### Dataset section
+ + + +
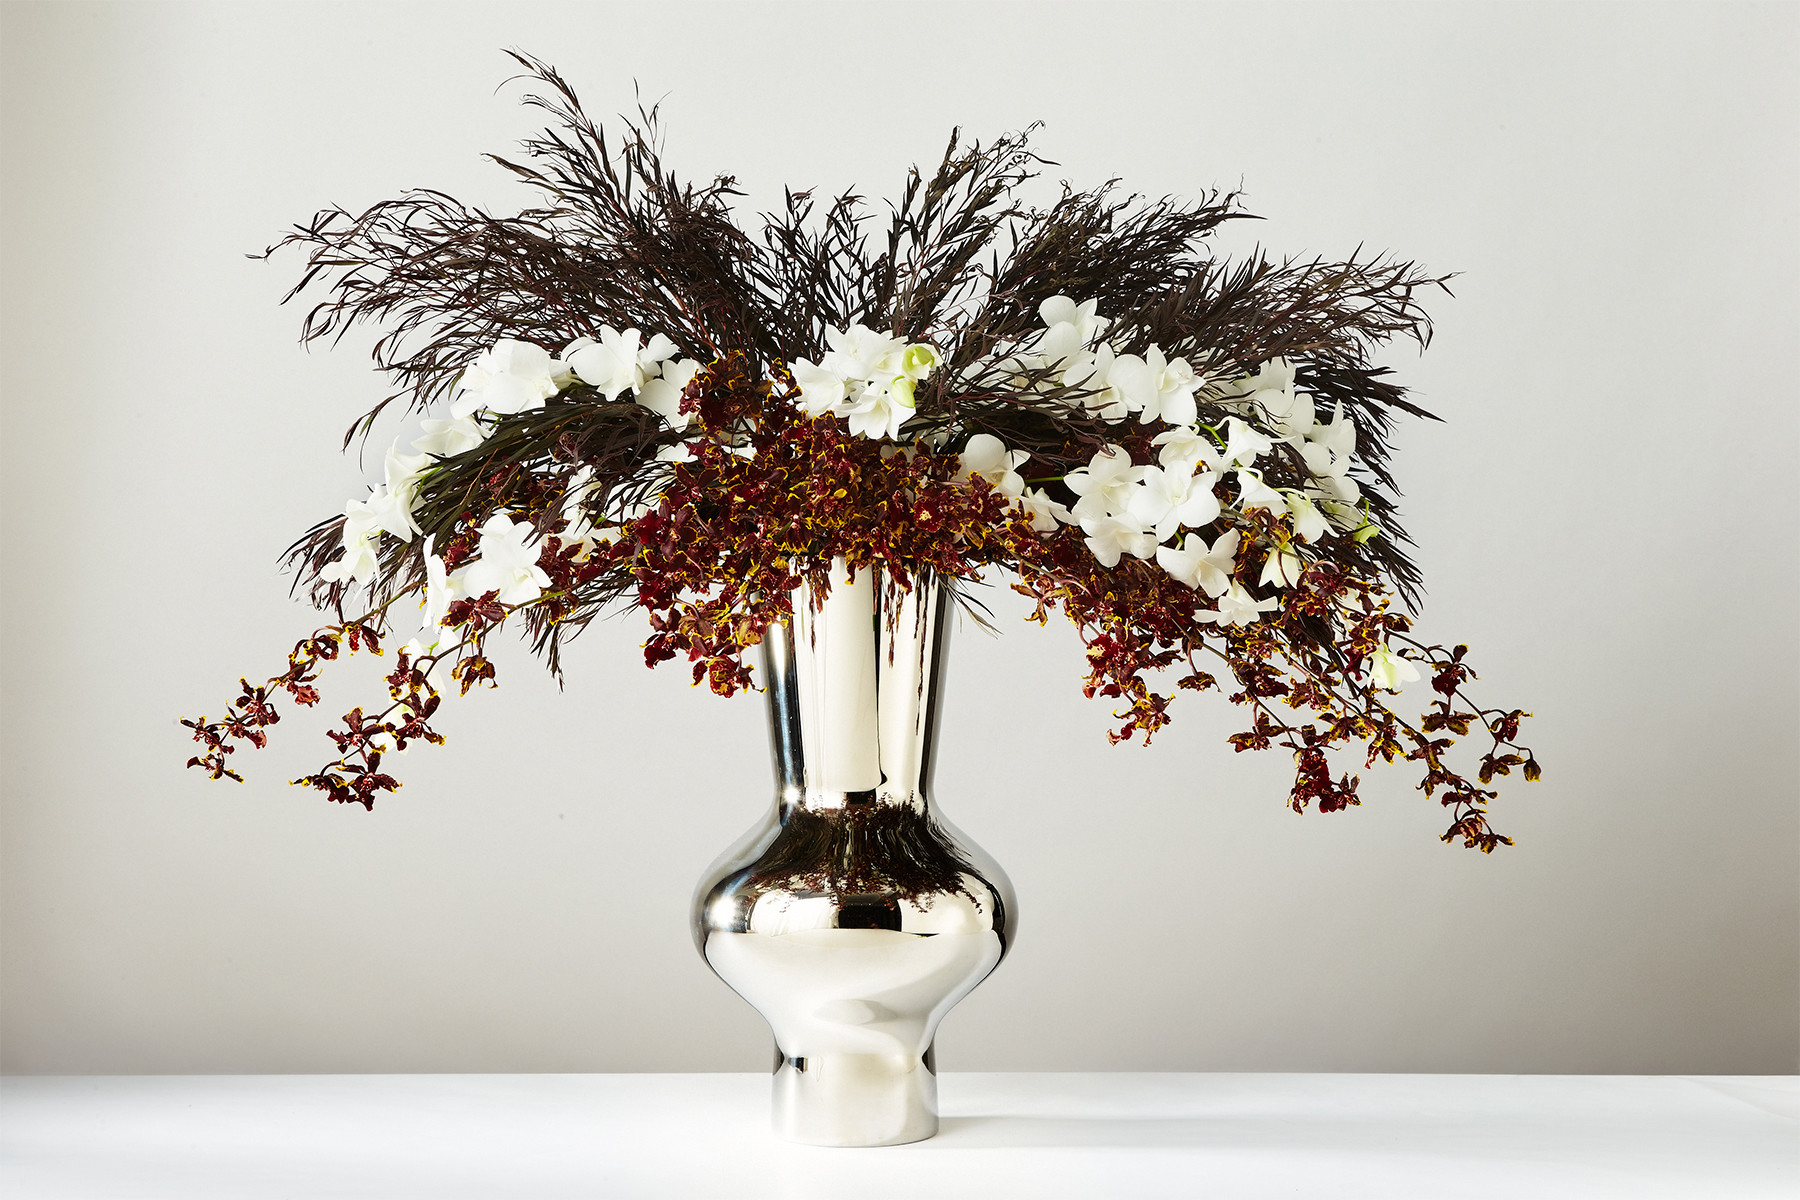 21 Lovable George Jensen Vase 2021 free download george jensen vase of meta flora georg jensen photos wwd intended for thealfredo vase 1818
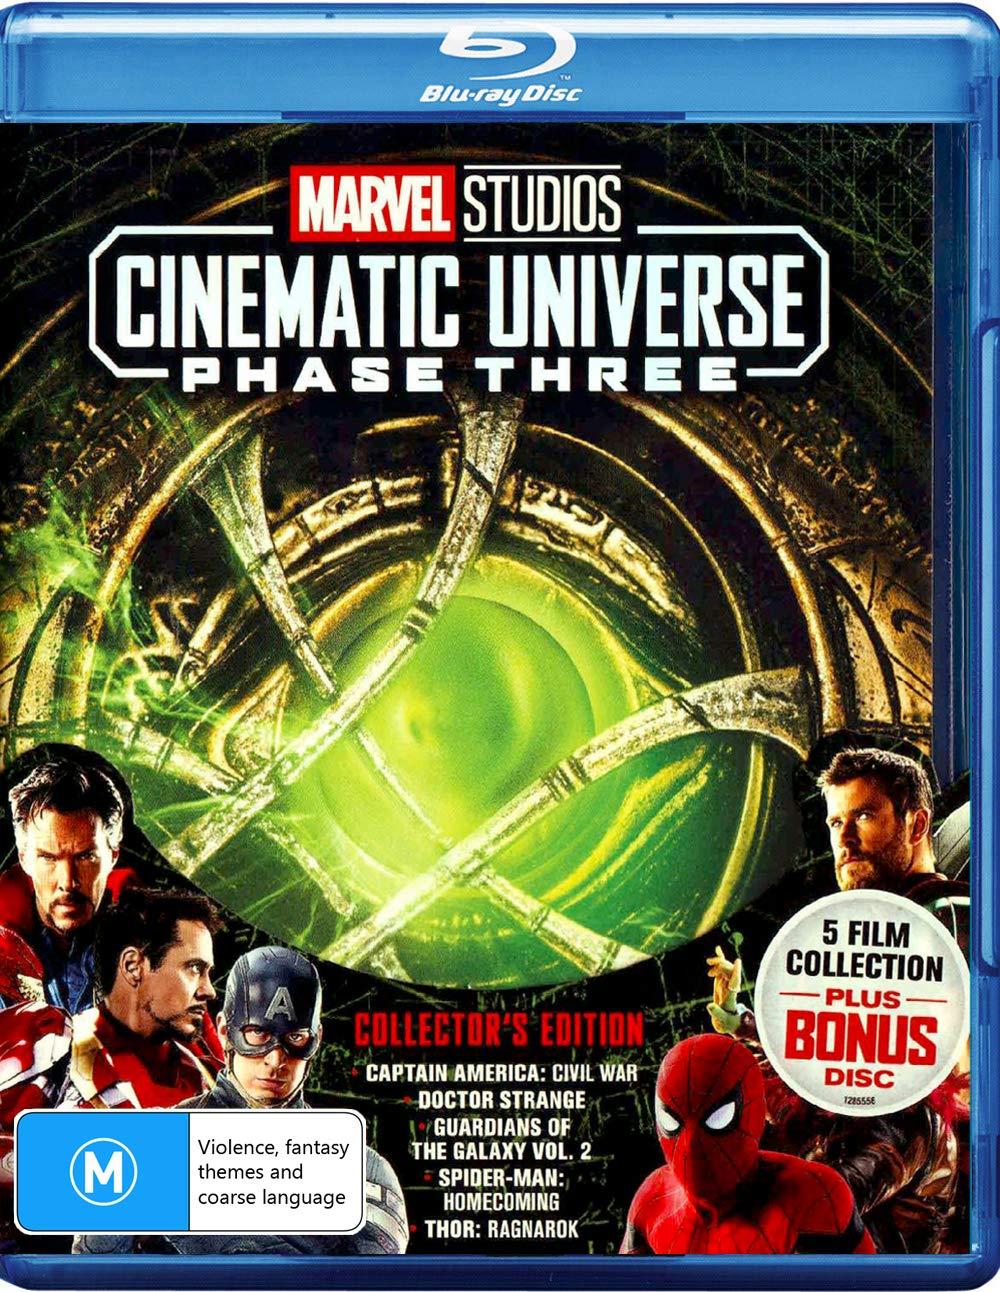 Marvel Phase 3: Part 1 (Captain America: Civil War / Doctor Strange / Guardians of the Galaxy: Volume 2 / Spider-Man: Homecoming / Thor: Ragnarok)
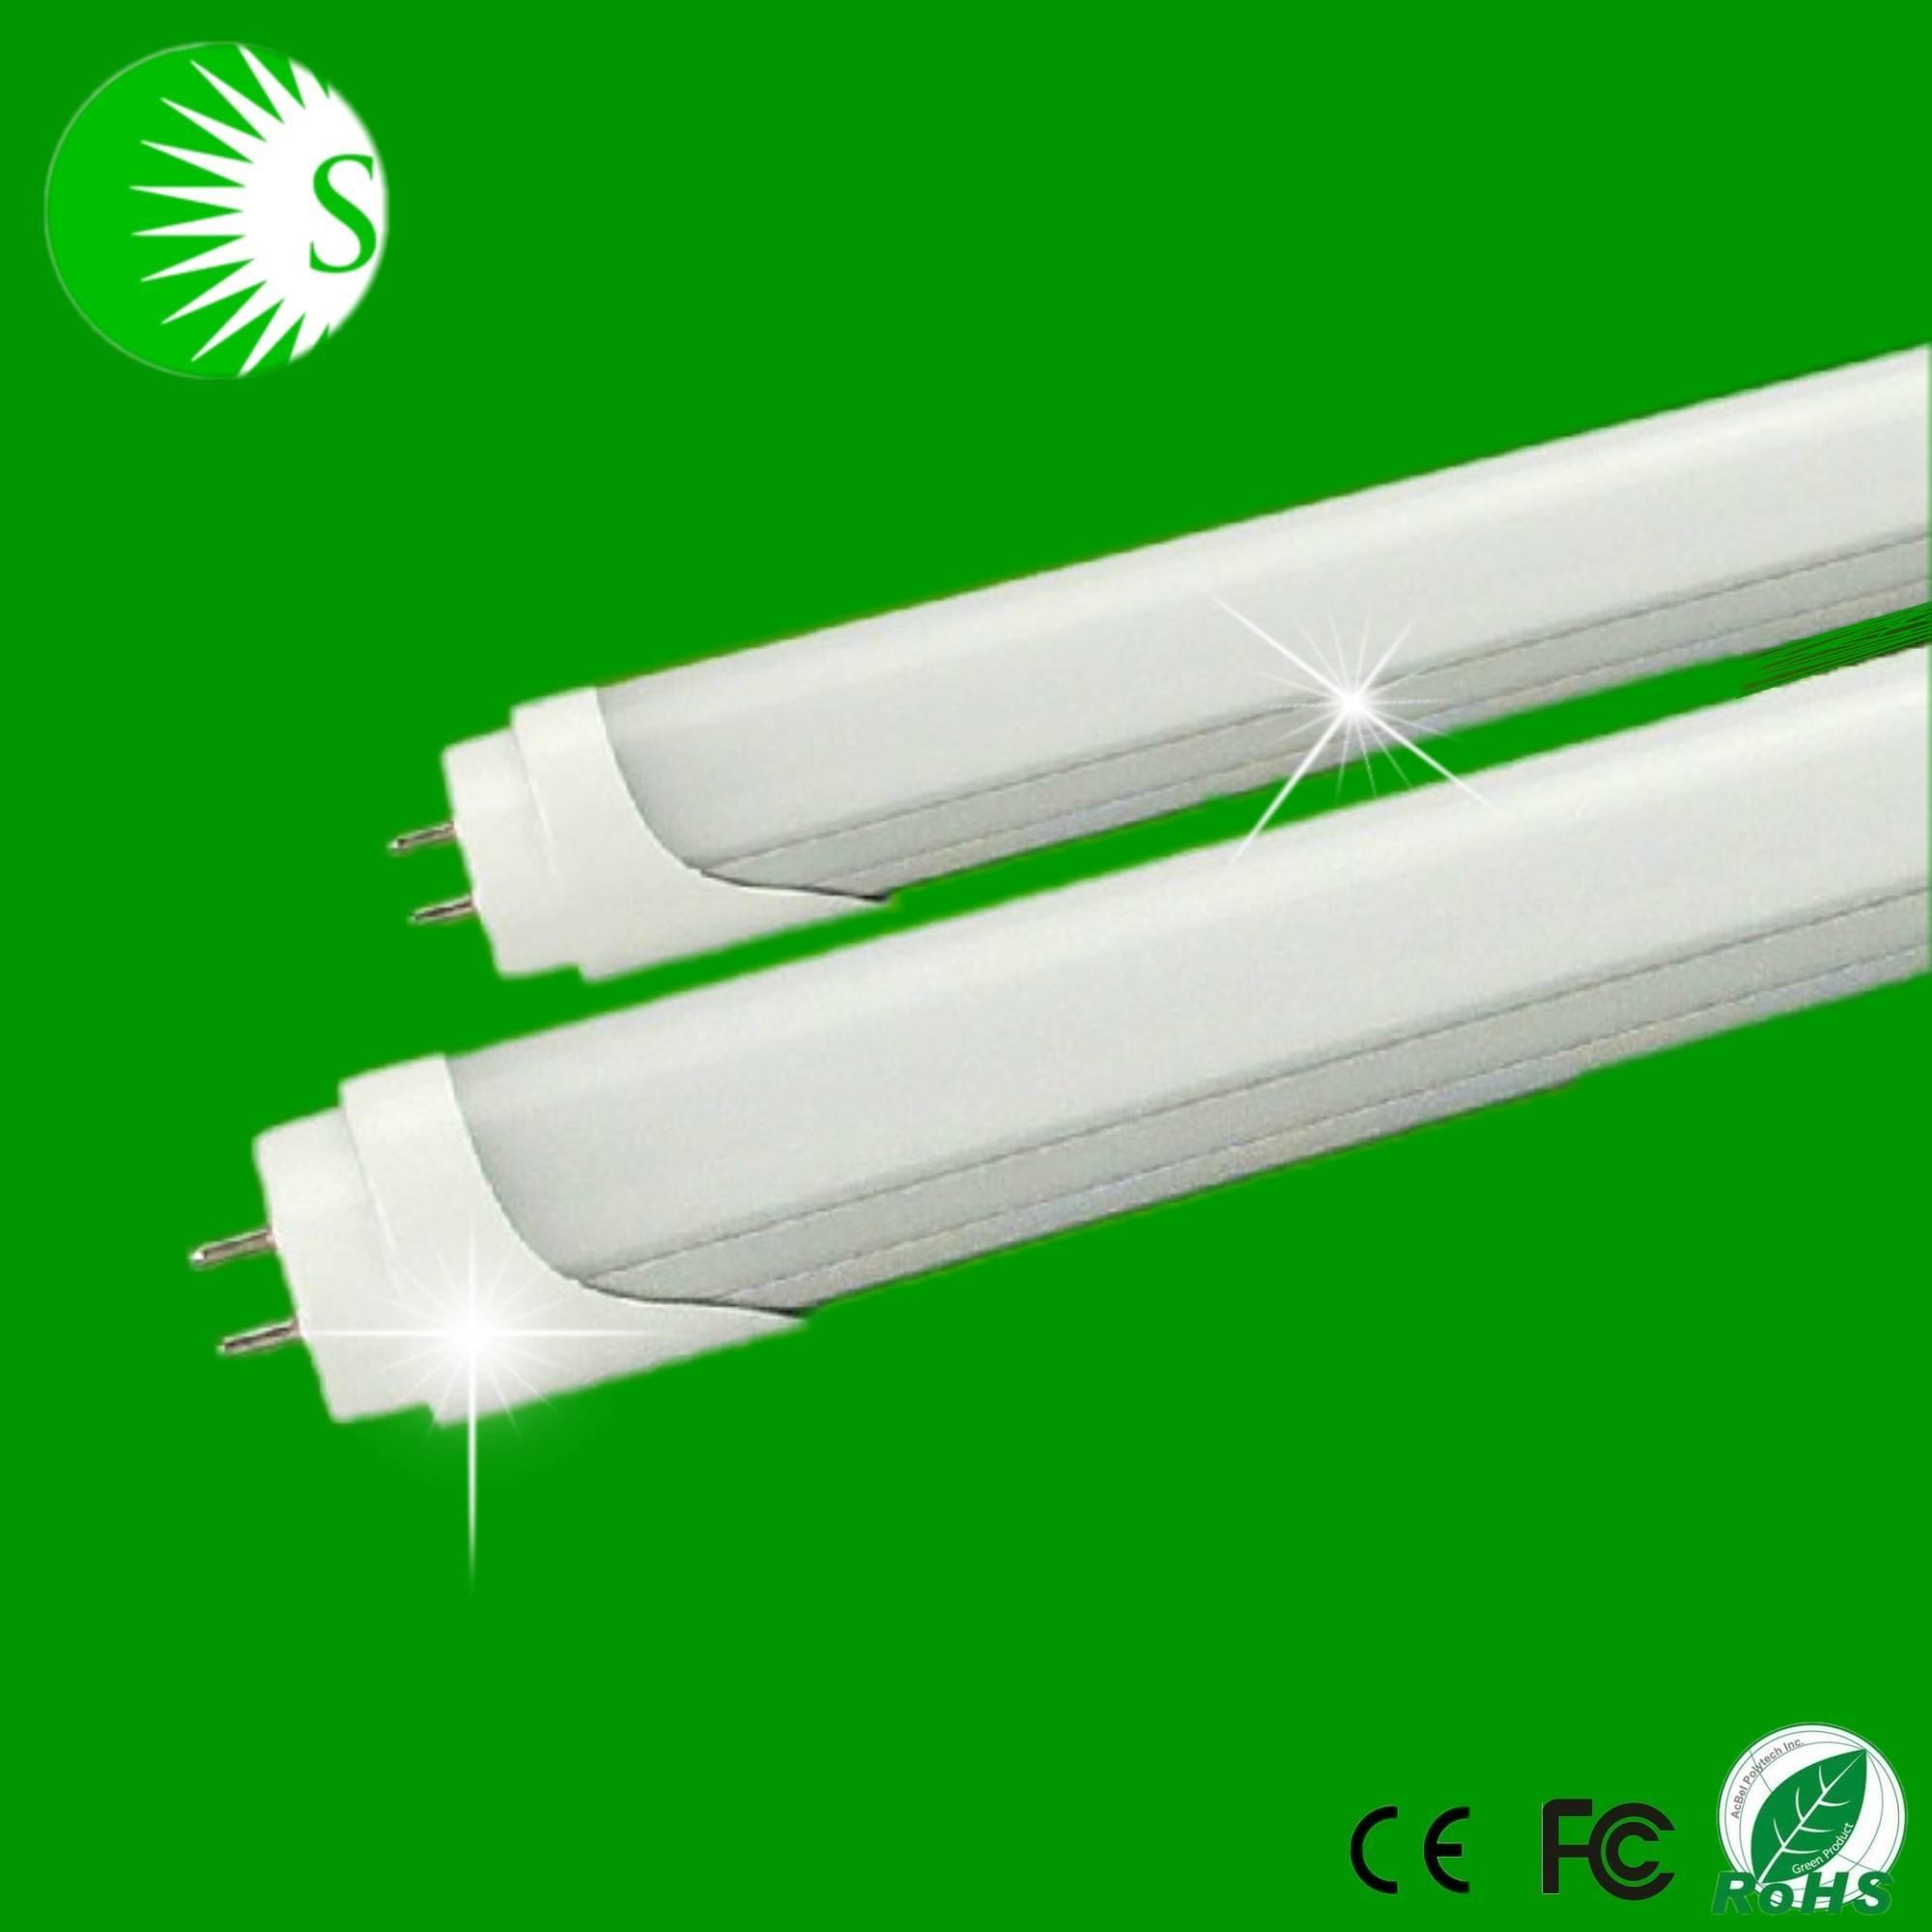 0.9m 1.2m 1.5m tube light wide voltage AC85-265V CRI80 Epister led SMD2835 18w t8 led tube light
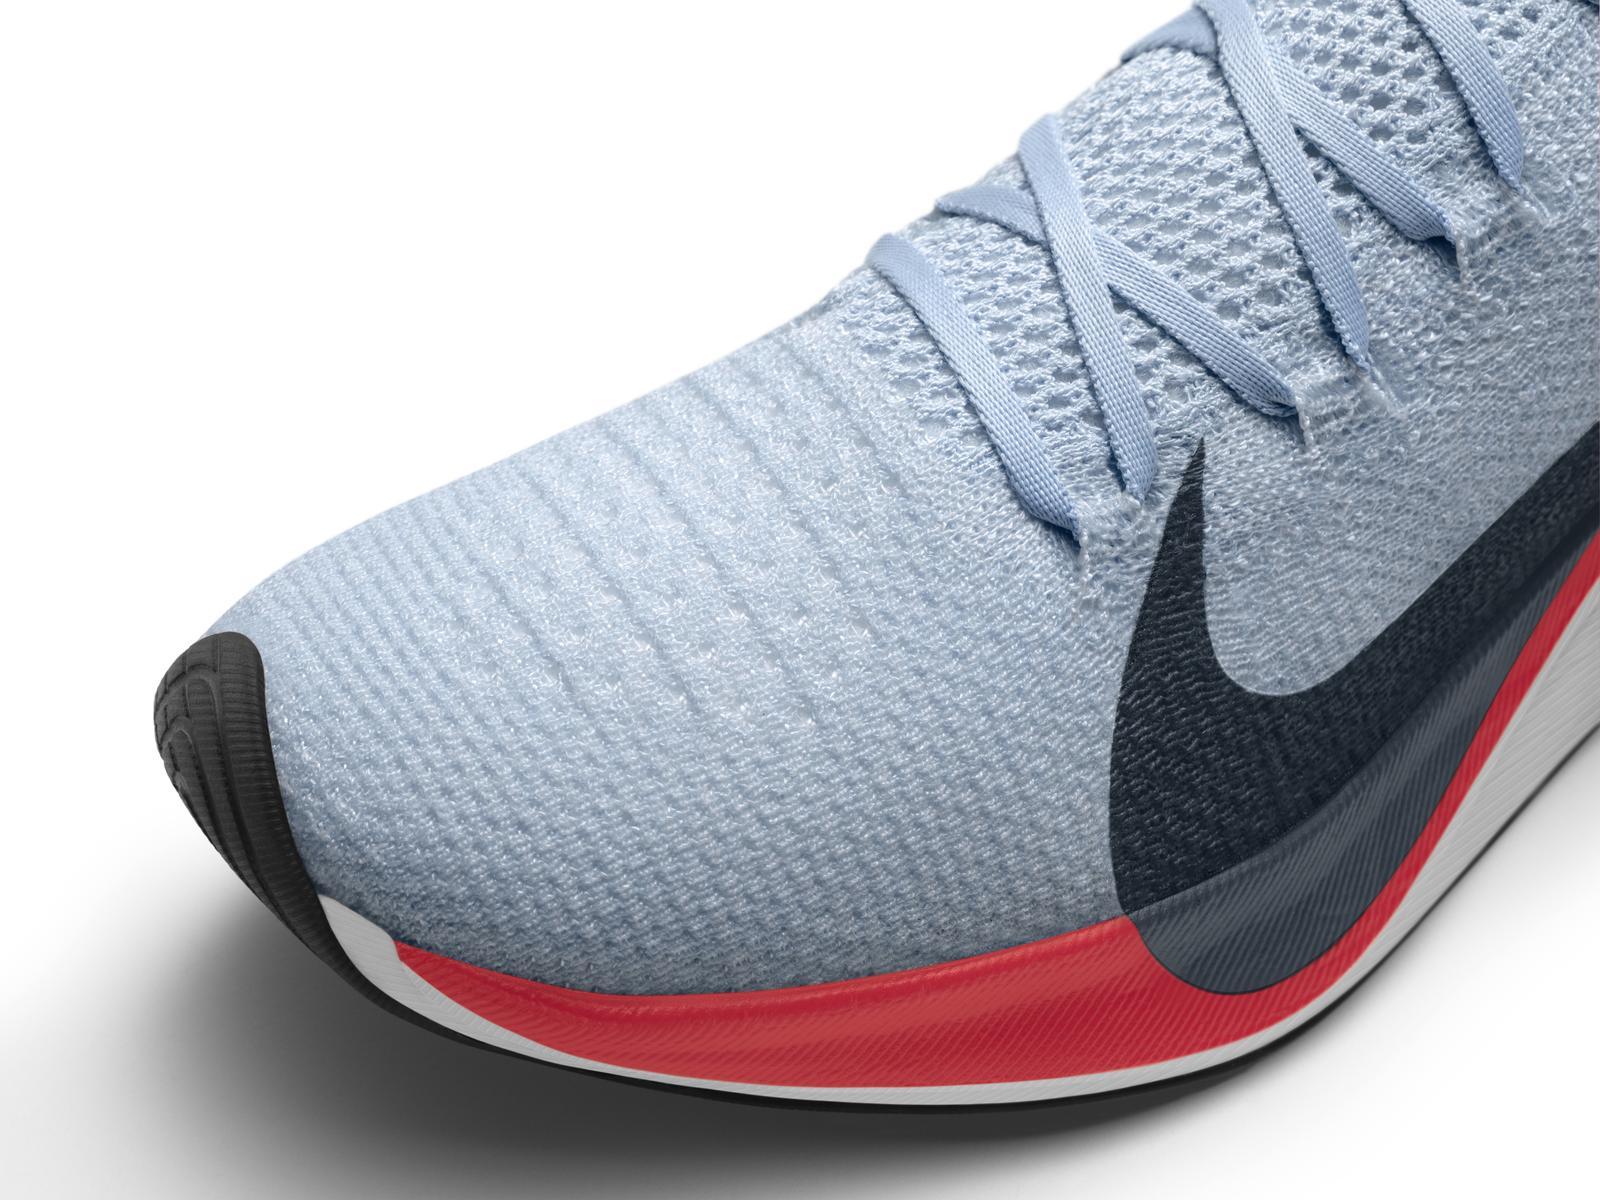 3e4fbbed6c7cb Nike Zoom Vaporfly Elite 2 - WearTesters
+ + + +
### Work request
Find the line holding "Marvel Phase 3: Part" in the data above. Retype it and every later line exactly, through the end, but not the pictures.

### Exercise response
 Marvel Phase 3: Part 1 (Captain America: Civil War / Doctor Strange / Guardians of the Galaxy: Volume 2 / Spider-Man: Homecoming / Thor: Ragnarok)
 0.9m 1.2m 1.5m tube light wide voltage AC85-265V CRI80 Epister led SMD2835 18w t8 led tube light
 3e4fbbed6c7cb Nike Zoom Vaporfly Elite 2 - WearTesters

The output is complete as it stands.